The mesites (Mesitornithidae) are a family of birds that are part of a clade (Columbimorphae) that include Columbiformes and Pterocliformes. They are smallish flightless or near flightless birds endemic to Madagascar. They are the only family with more than two species in which every species is threatened (all three are listed as vulnerable).

Description 
The mesites are forest and scrubland birds that feed on insects and seeds. The brown and white-breasted mesites forage on the ground, gleaning insects from the leaves and under them, as well as low vegetation. The subdesert mesite uses its long bill to probe in the soil. Other birds, such as drongos and flycatchers, will follow mesites to catch any insects they flush and miss. Mesites are vocal birds, with calls similar to passerine song, used for territorial defence.

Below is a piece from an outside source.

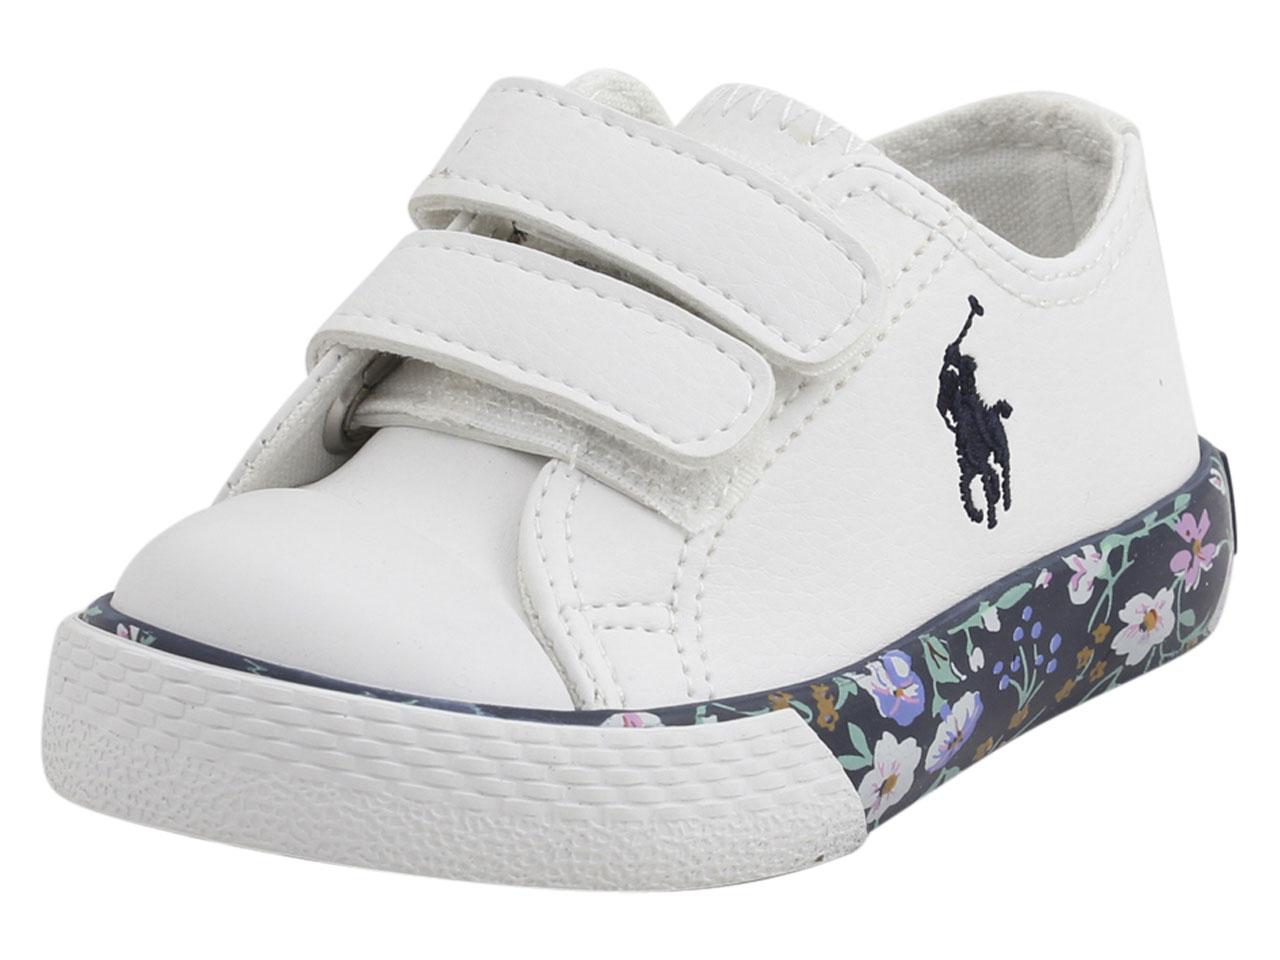 4fffafaa471 Polo Ralph Lauren Toddler Girl s Slone-EZ White Floral Sneakers ...

Two or three white eggs are laid in a stick-nest located in a bush or low branch. The Mesitornis species are monogamous while Monias benschi is polygamous and unlike the other two shows significant sexual dichromatism.

Systematics 

There are two genera, Mesitornis (2 species) and Monias (subdesert mesite).

Historically, mesites’ phylogenetic relationships were not very clear; they have been allied with the Gruiformes, Turniciformes and Columbiformes.

Recent phylogenomic studies support Pterocliformes (sandgrouse) as the sister group of mesites while some more recent studies place this clade with another clade constituted of Columbiformes and Cuculiformes (cuckoos).